Exact copy, no pictures: repeat the data that follows.

__Information supplied__:
#####

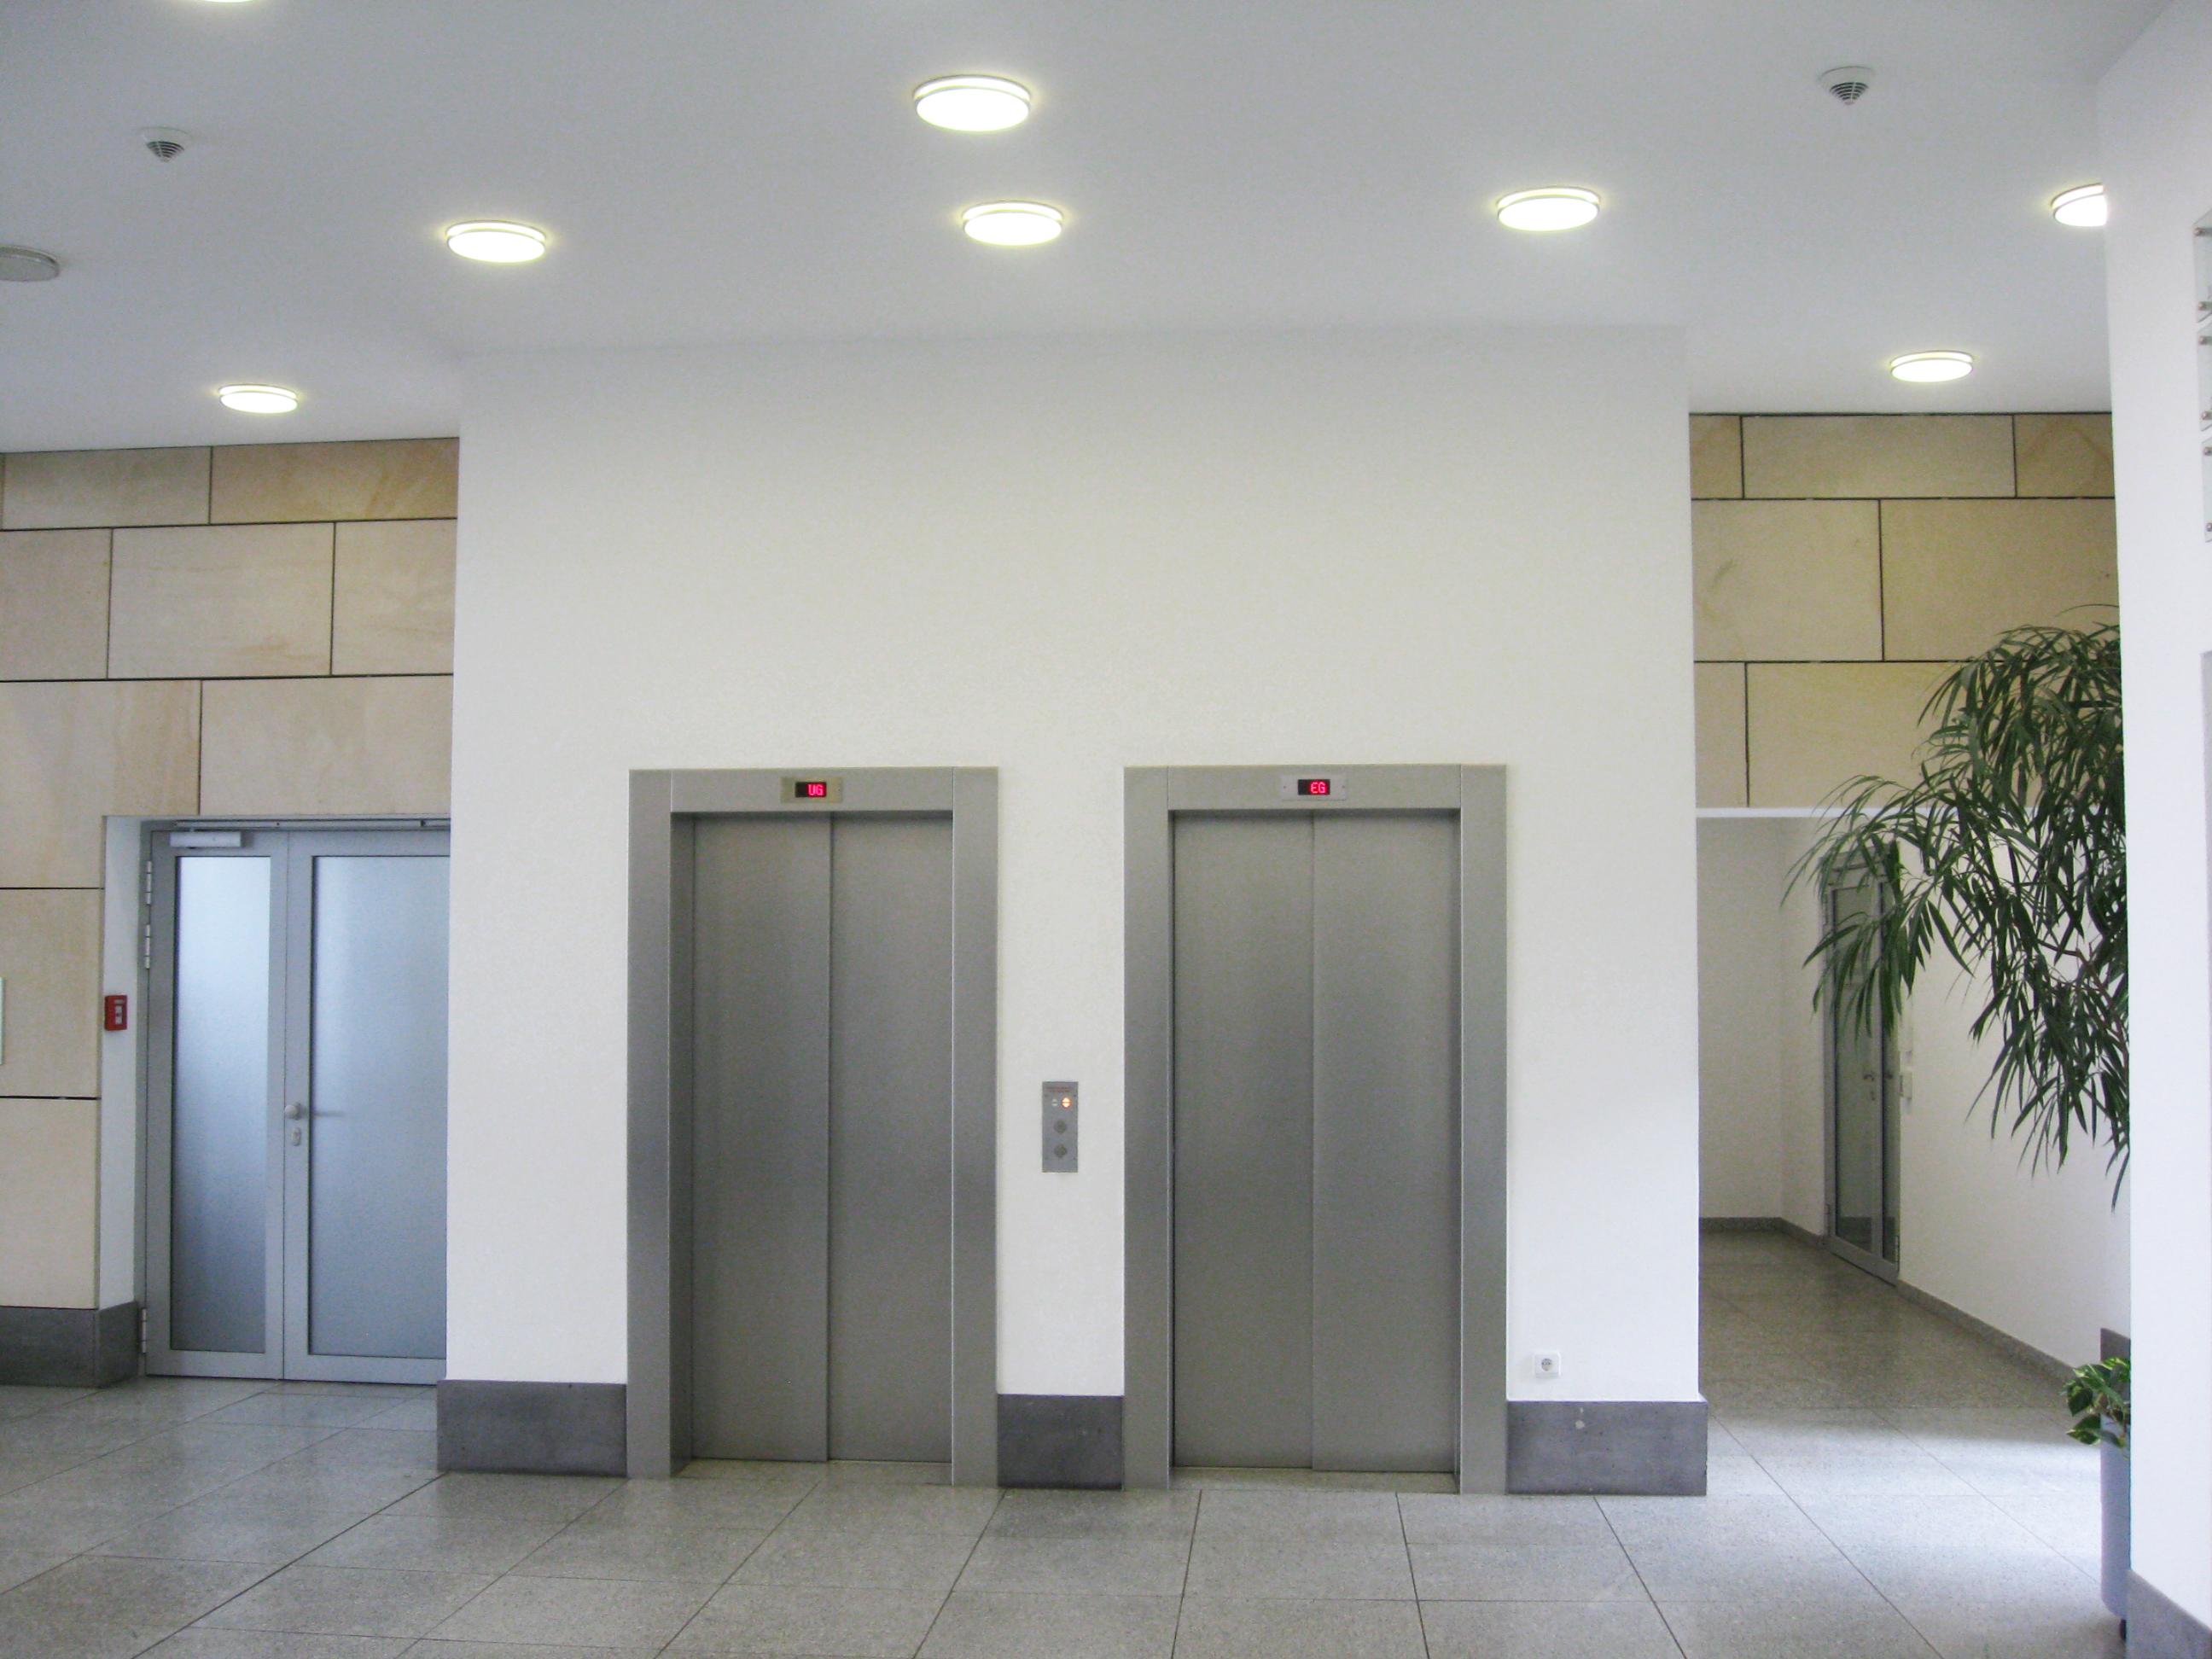 Eingangshalle Bürogebäude Hugenottenallee Neu-Isenburg
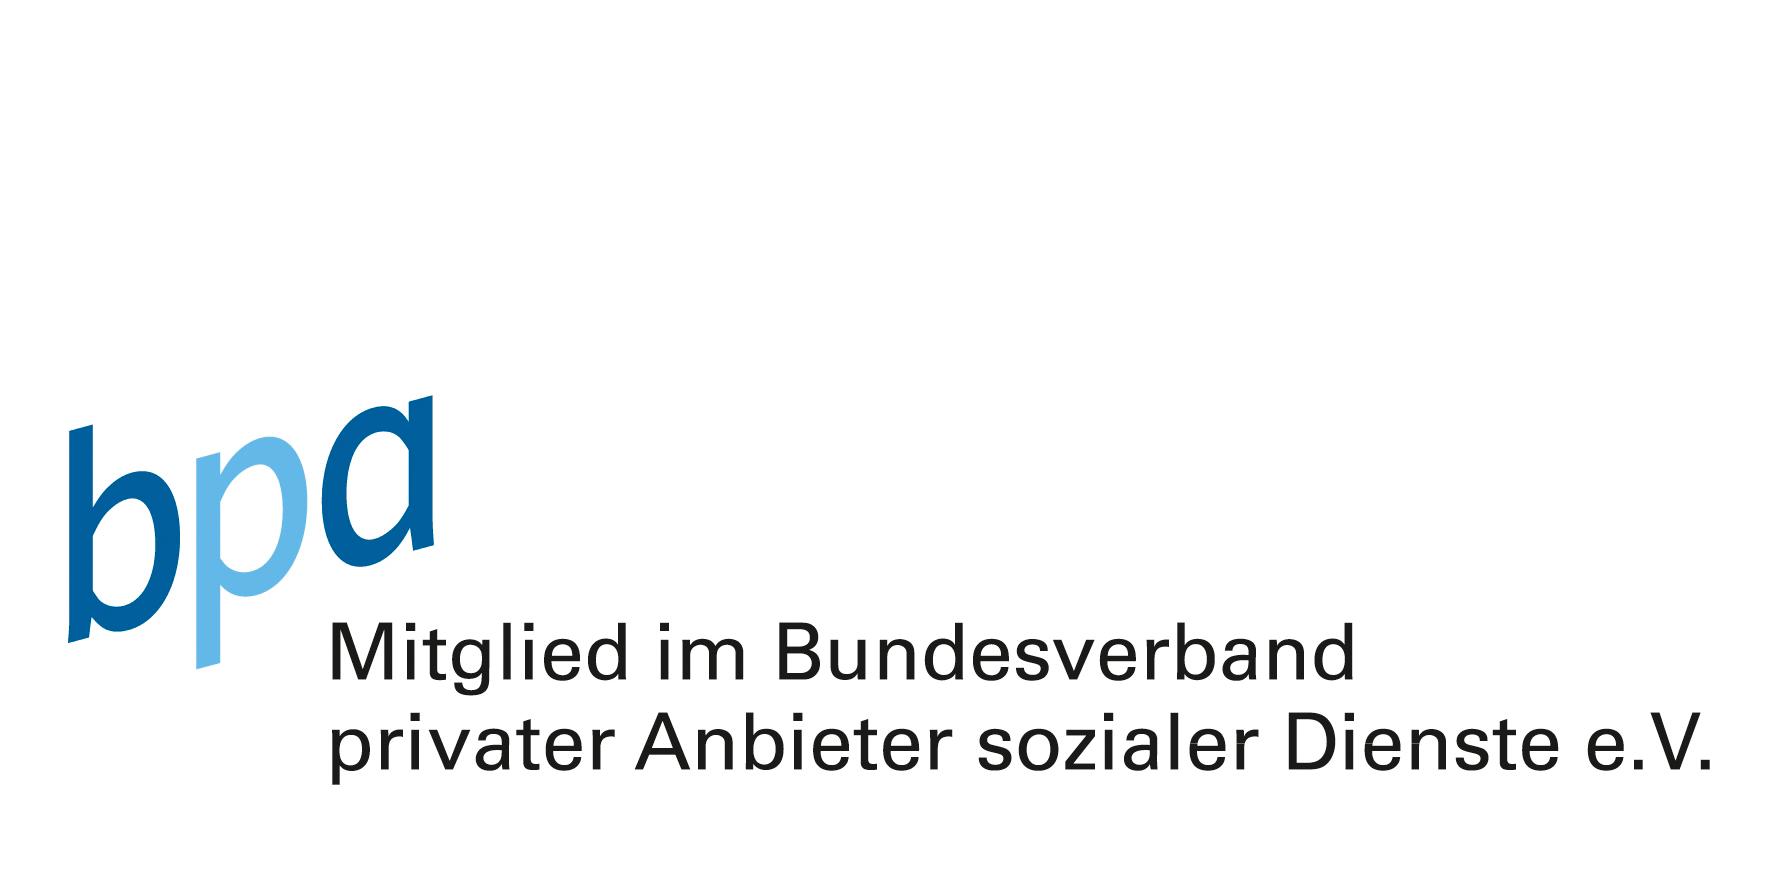 Logo des bpa - Bundesverband privater Anbieter sozialer Dienste e.V.
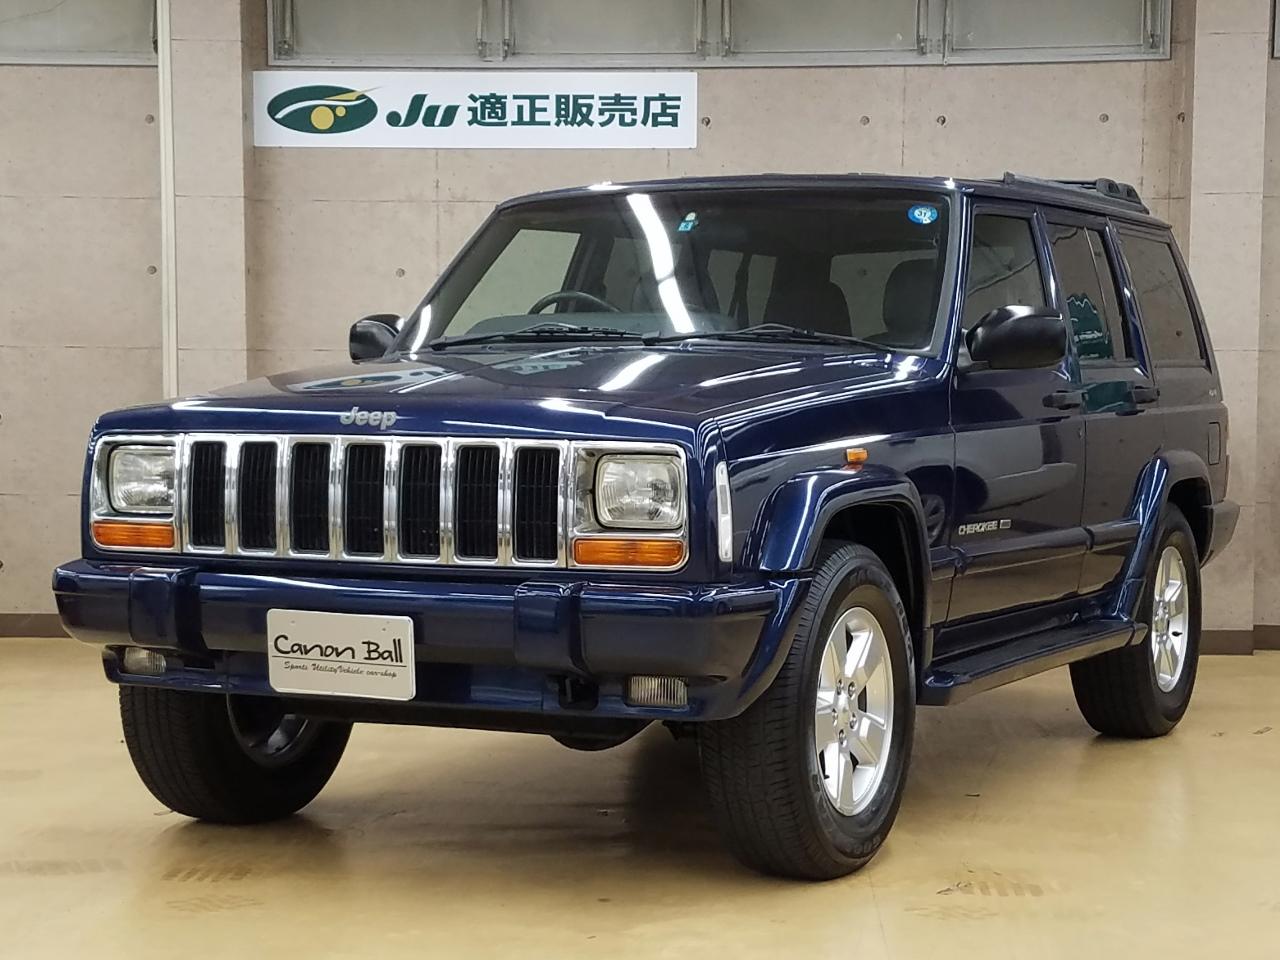 LTD 黒本革シート&ウッドインテリア XJ型Jeep最終モデル のイメージ画像です

#####

__Task response__:
 Eingangshalle Bürogebäude Hugenottenallee Neu-Isenburg
 Logo des bpa - Bundesverband privater Anbieter sozialer Dienste e.V.
 LTD 黒本革シート&ウッドインテリア XJ型Jeep最終モデル のイメージ画像です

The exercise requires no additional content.